Rand Paul and his pet hairpiece, Squirrel! Apologies to Cal Worthington and his pet Spot. |
They're about equally credible, right? So, the Snooze just got the wrong headline, and I'm helping out.
Of course, Paul's "libertarianism" doesn't extend to reproductive choice. It doesn't extend to religious freedom, including freedom from religion for we secularists, given that he's accused President Obama of a "war on Christianity." (In reality, since Obama has actually expanded Shrub's office of faith-based initiatives, if it's a war, he's already surrendered.) Nor does it extend to people of color, of course, since those nasty civil rights bills conflict with Paul's ideas of pure, Randian libertarianism.
Try getting a better squirrel, Rand. Maybe that will work. Just don't go to New Hampshire during squirrel-hunting season.

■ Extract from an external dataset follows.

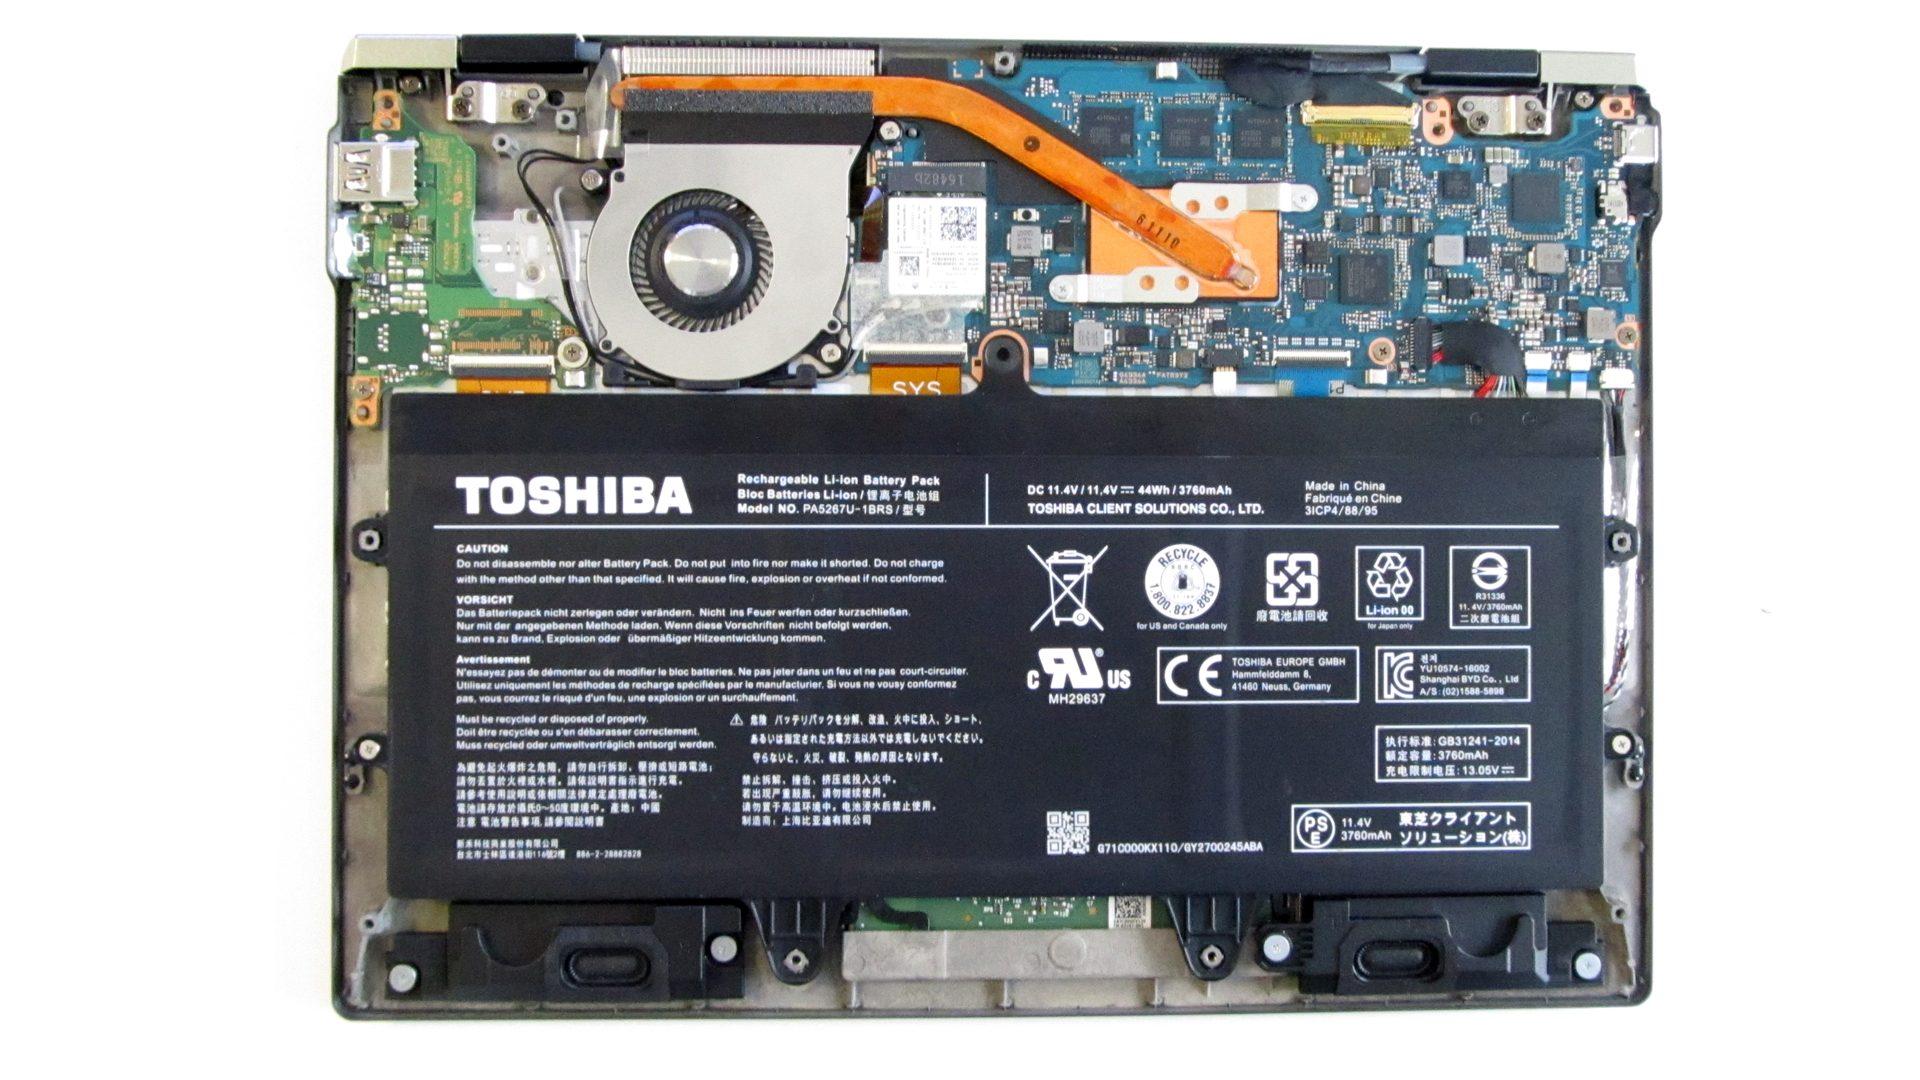 Toshiba_Portégé_X20W-D111 Innen_1

I've said it before and I'll say it again — there's only been one true libertarian elected from the GOP in the last 20 years. It's not Rand Paul. It's not Ron Paul. It's former New Mexico governor Gary Johnson, who neither wears a squirrel on his head nor publishes racialist newsletters.
Seriously, dude. Doesn't your $174K per year, plus any self-licensing optometry work you still do, buy a better squirrel? Maybe not. Look at Donald Trump.
"Alex, I'll take 'Republican presidential candidates with bad hair' for $1,000, please!"